With a shaved head, a discreet kippa and perfect American English, he is ultra-liberal on the economy and uncompromising towards Iran.

He shares ideology and views with Prime Minister Benjamin Netanyahu and has served in several of his governments, but in the last couple of years the two have become increasingly at odds with each other.

After the eleven-day long war with Hamas in the Gaza Strip, Bennett finally agreed to join center-right politician Yair Lapid to form a coalition that could remove Netanyahu from power after twelve years as prime minister.

Rotating Prime Minister post

Lapid has offered to share power with Bennett and let him be prime minister in the first round before taking over later.

In a speech Sunday night, Bennett claimed that the left would give him support to lead a coalition government.

– The left makes compromises that are far from easy for them when they give me the role of prime minister, he said.

Lapid has until Wednesday to put together a coalition with 61 seats out of the 120 that make up the Knesset National Assembly.

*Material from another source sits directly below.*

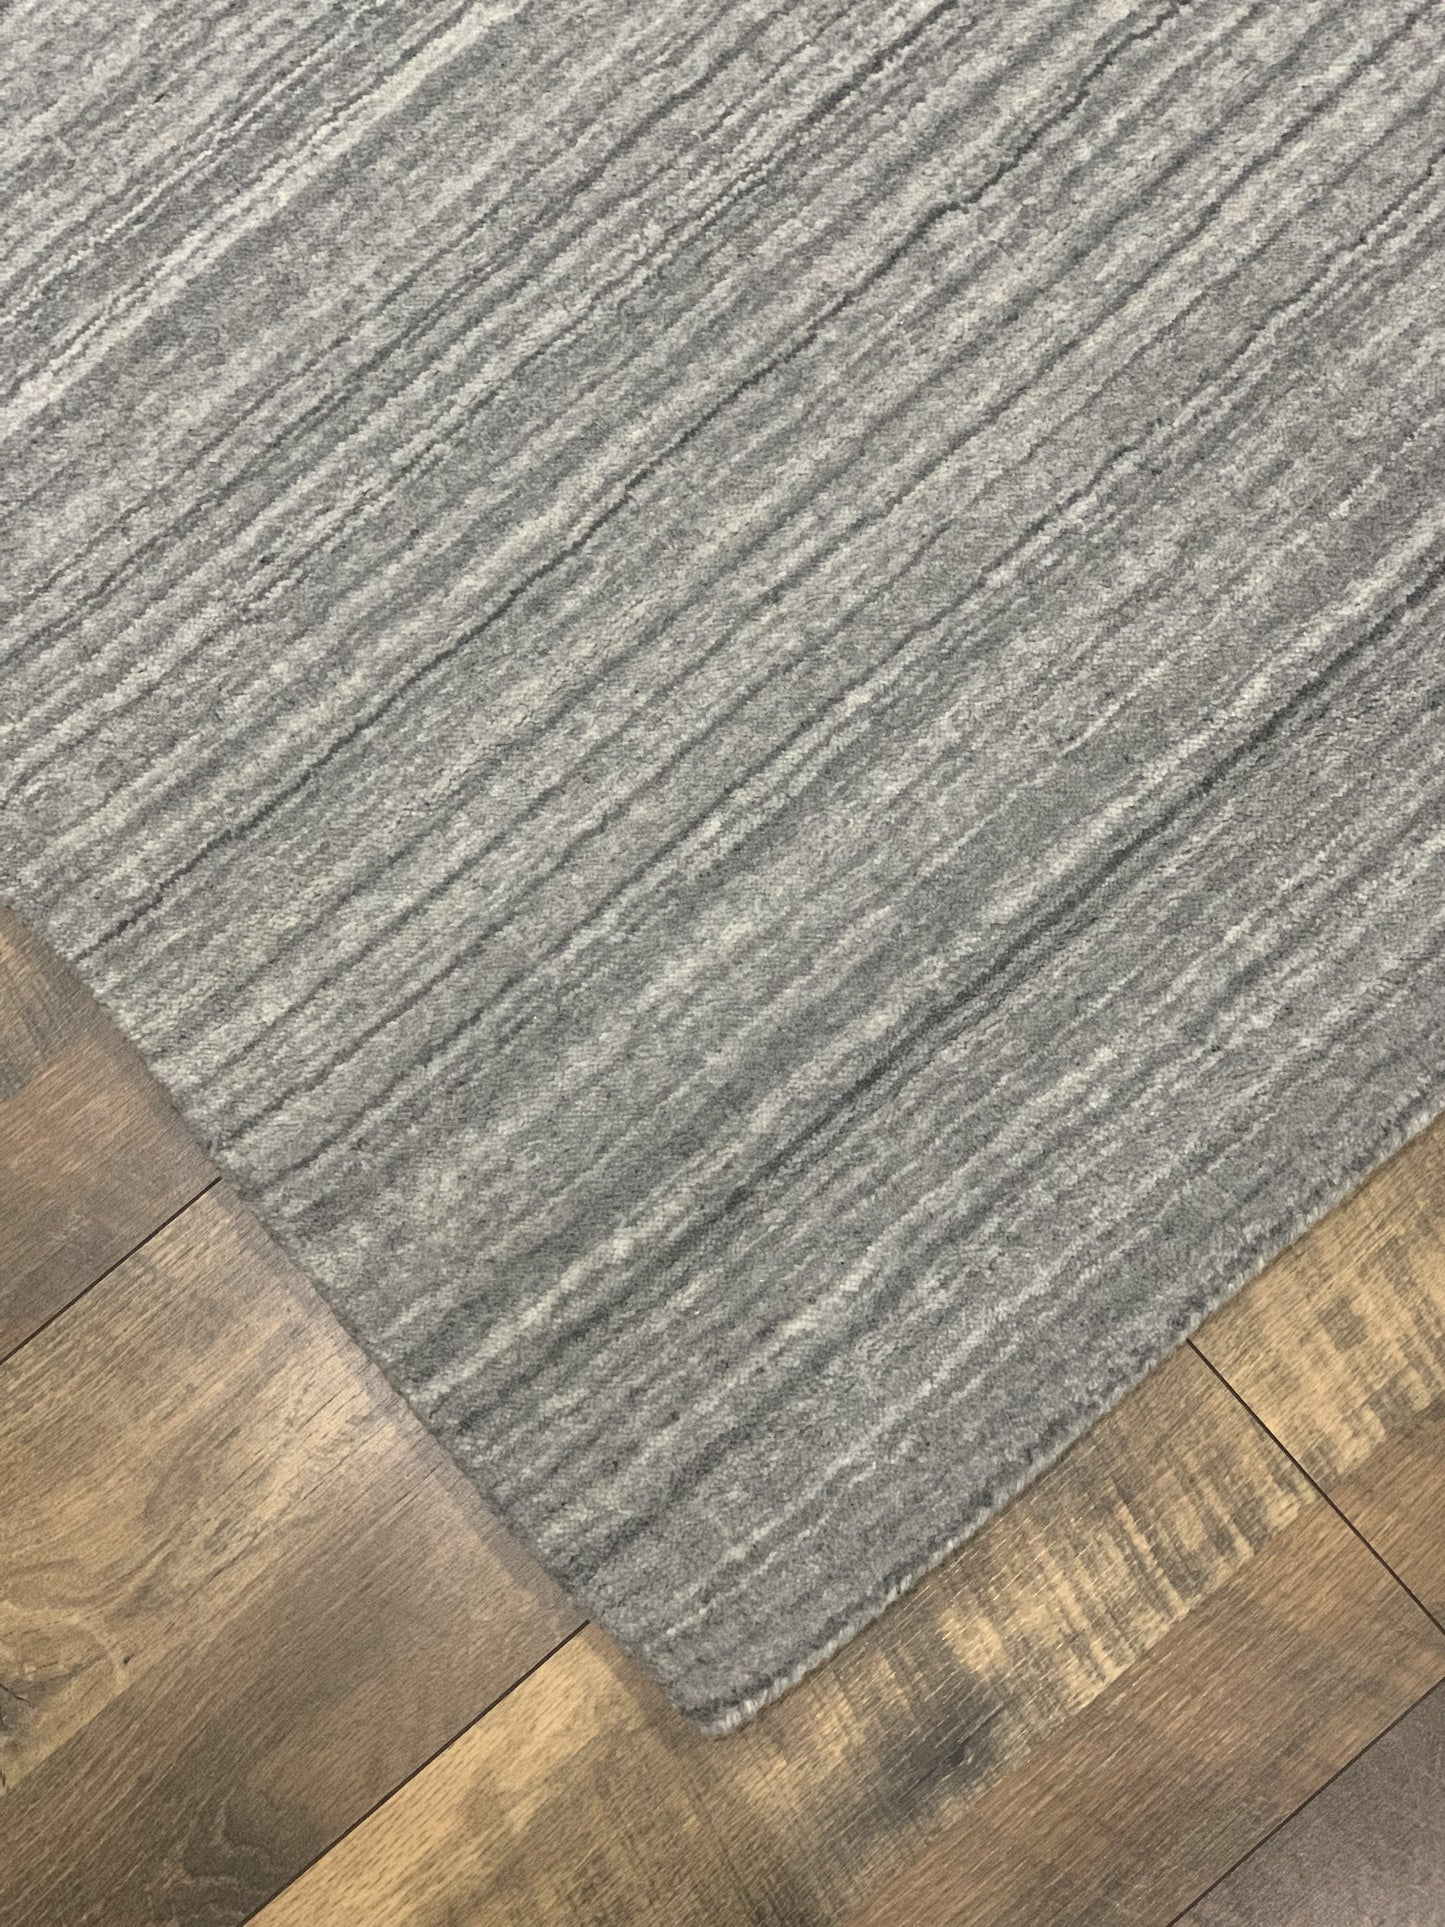 performance rug collection indoor outdoor stain resistant wool polysilk rug good for pets good for kids stone gray solid color carpet rug area rug store affordable online rug store orange county california refined carpet rugs

Religious-nationalist Yamina won seven seats in the last election in March, although one member of the group refuses to join a coalition against Netanyahu.

Special Forces

Bennett is a former special forces soldier who is the son of American Jews from California, and lives with his wife Galit and their four children in Raanana, north of Tel Aviv.

He entered politics after selling his IT company for $ 145 million in 2005, and the following year he became chief of staff to Netanyahu, which was in opposition at the time.

After working for Netanyahu for a few years, he became the leader of the Yesha Council in 2010, which lobbyes for West Bank settlers.

Hard comments

He took voters by storm in 2012 when he took over the right-wing nationalist party Jewish Home, which was about to disappear. He quadrupled the party’s support with a series of explosive comments about the Palestinians.

In 2013, he said, among other things, that Palestinian terrorists should be shot, not released.

He also claimed that the West Bank is not occupied because “there was never a Palestinian state there”, and that one can never resolve the conflict with the Palestinians, but must endure it, just like “a grenade splinter in the ass”.

Bennett has been both Minister of Defense and Minister of Finance and Education.

In 2018, he renamed the Jewish Home to Yamina (to the right) and was part of Netanyahu’s coalition that collapsed the same year.

Not invited

But he was not asked to join a new Netanyahu-led coalition government last year, which is seen as an expression of Netanyahu’s personal contempt for him, despite sharing ideology.

In opposition and with the corona pandemic ravaging the background, Bennett has dampened his right-wing radical rhetoric and instead focused on the health crisis. He has thus tried to increase support by making plans to fight the virus and help the economy on the right track.

“In the years to come, we must put aside issues such as annexation and a Palestinian state and focus on gaining control of the corona pandemic, recovering the economy and repairing internal divisions,” he said in a radio interview in November.